GAO: HHS Has Not Implemented Critical Cyber RecommendationsReport Spotlights Cybersecurity Shortcomings
Over the last four years, the Government Accountability Office has made hundreds of recommendations to the Department of Health and Human Services for improving its operations that have not been implemented.
"The nation's critical infrastructure provides the essential services - including healthcare - that underpin American society. The infrastructure relies extensively on computerized systems and electronic data to support its missions," GAO writes. "However, serious cybersecurity threats to the infrastructure continue to grow and represent a significant national security challenge. Additionally, recent data breaches have highlighted the importance of ensuring the security of health information, including Medicare beneficiary data."
Such critical data is created, stored, and used by a wide variety of entities, such as healthcare providers, insurance companies, financial institutions, researchers and others, GAO notes.
"The four open priority recommendations within this area outline steps to ensure HHS can effectively monitor the effect of electronic health records programs and progress made toward goals; encourage adoption of important cybersecurity processes and procedures among healthcare entities; protect Medicare beneficiary data accessed by external entities; and ensure progress is made toward the implementation of IT enhancements needed to establish the electronic public health situation awareness network."

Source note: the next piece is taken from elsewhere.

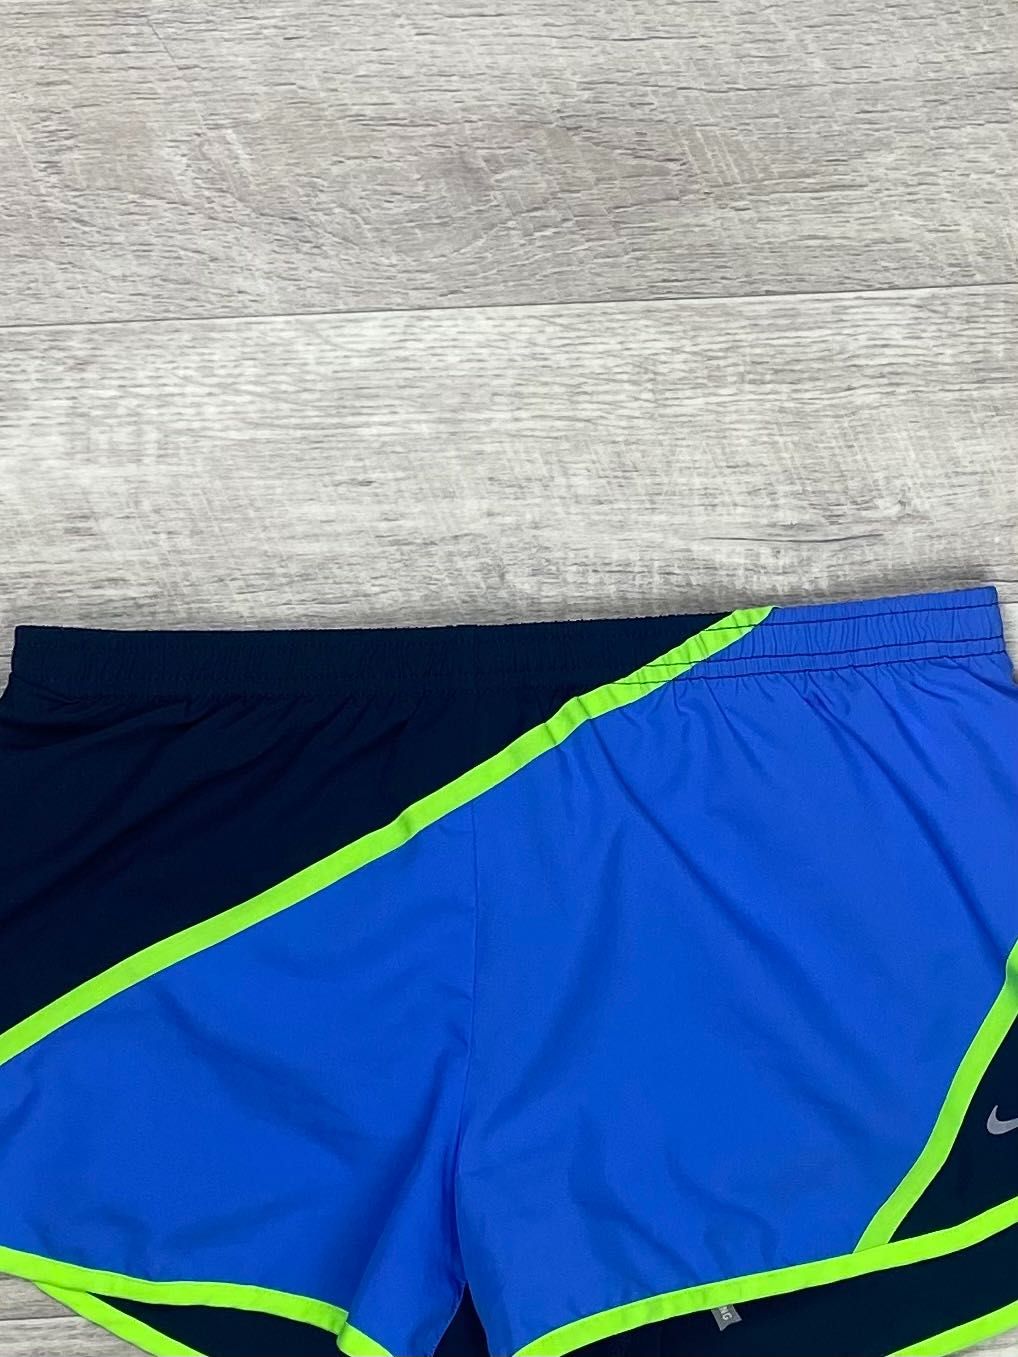 Nike dri-fit шорты S размер женские спортивные оригинал

For example, GAO notes that in March 2018, it recommended that the administrator of the Centers for Medicare and Medicaid Services develop processes and procedures to ensure that certain external entities, including organizations that use claims data to evaluate the performance of Medicare service providers and equipment suppliers, have effectively implemented information security controls.

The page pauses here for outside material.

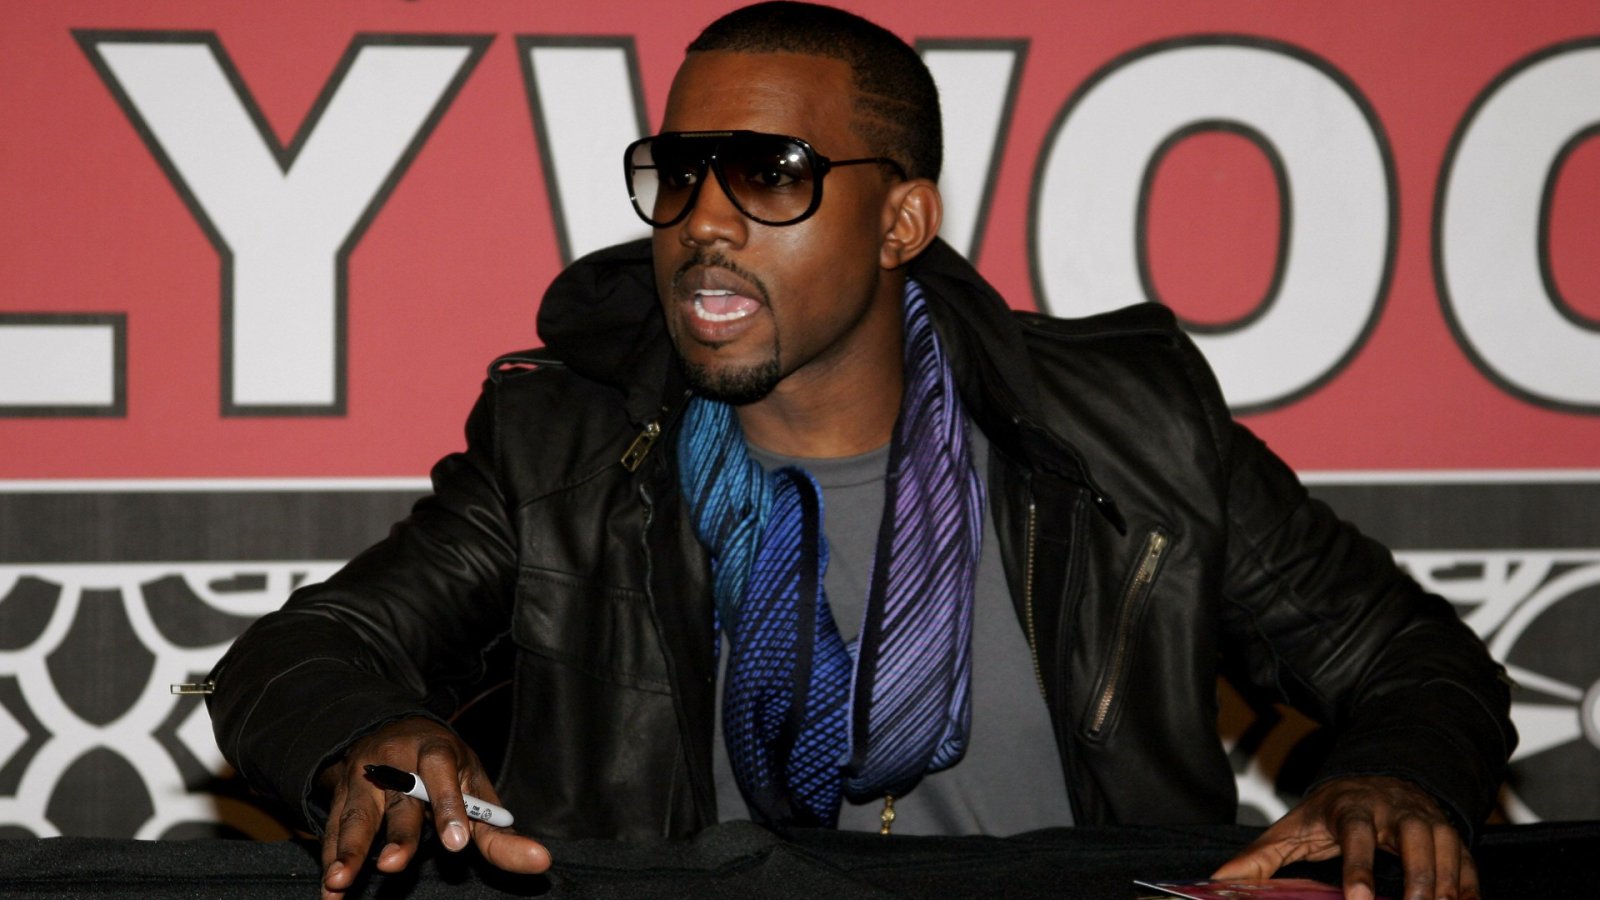 La plus grosse chute d'un artiste : Kanye West et les marques coupant les ponts

"CMS will be engaging a contractor to review the current data security framework and make recommendations on specific controls and implementation requirements that would be appropriate for those entities," GAO notes. To fully implement this recommendation, however, CMS needs to develop appropriate processes and procedures for implementing these controls, GAO adds.
GAO also made three other high-priority recommendations involving health information technology and cybersecurity issues that HHS has not yet unimplemented.
Critical infrastructure protection: GAO in 2018 recommended that HHS, in cooperation with the Secretary of Agriculture, take steps to consult with partners, such as the Department of Homeland Security and the National Institute of Standards and Technology, to develop methods for determining the level and type of cybersecurity framework adoption by entities in each sector.
In its latest report, GAO notes that HHS is still working to identify applicable methods for determining the level and type of framework adoption across the healthcare and public health sectors.
Electronic health record programs: GAO notes that industry participation in the HITECH Act "meaningful use" EHR incentive program (now called the "Promoting Interoperability" program) has increased, but action is needed by HHS to achieve goals, including improved quality of care. The program requires meeting certain data security requirements.
Back in 2014, GAO recommended that HHS develop performance measures to assess the outcomes of the EHR programs. That includes any effects on healthcare quality, efficiency and patient safety.
"HHS provided a variety of publicly available reports, which the department indicated showed how program participants were progressing in the EHR programs and the related impacts. However, in reviewing those materials, we did not see evidence that HHS had developed outcome-oriented performance measures that align with the intended outcomes of the EHR programs."
To fully implement this recommendation, GAO says HHS needs to develop performance measures that enable the agency to assess whether the "Promoting Interoperability" program is improving outcomes.
Public health IT: GAO says HHS has made little progress toward implementing enhanced national public health situational awareness network capabilities that would enable officials to access real-time information about emerging health threats to make timely decisions in emergencies.
The watchdog agency notes that in 2017, it recommended to HHS that it should conduct all IT management and oversight processes related to the establishment of the network in accordance with Enterprise Performance Life Cycle Framework guidance.
Mac McMillan, CEO of security consulting firm CynergisTek, says it's especially important for HHS to implement GAO's cybersecurity framework recommendations.
"Ensuring the adoption of a common framework that meets the needs of today's threat environment is critical to the successful achievement of interoperability, information integrity and availability and the ability to meet situational awareness and other programmatic goals," McMillan says. "Without a solid foundation based on a common framework, establishing the trust relationships that are necessary to data sharing are very hard to imagine let alone achieve."
Susan Lucci, senior privacy and security consultant at tw-Security, notes that the HITECH Act meaningful use program criteria were designed to encourage providers to capture information that could potentially improve quality and outcomes. That data must be kept private, as well as accessible to patients, to ensure HIPAA compliance.
"Patient portals have been deployed to allow individuals to obtain their health information. The goal was to empower the patient with information to help them make informed decisions about their care. Participation and utilization is still not optimal," she notes.
"Complaints continue to be made with the HHS Office for Civil Rights about denial of access to records. So clearly, we have a problem that needs to be resolved," she notes.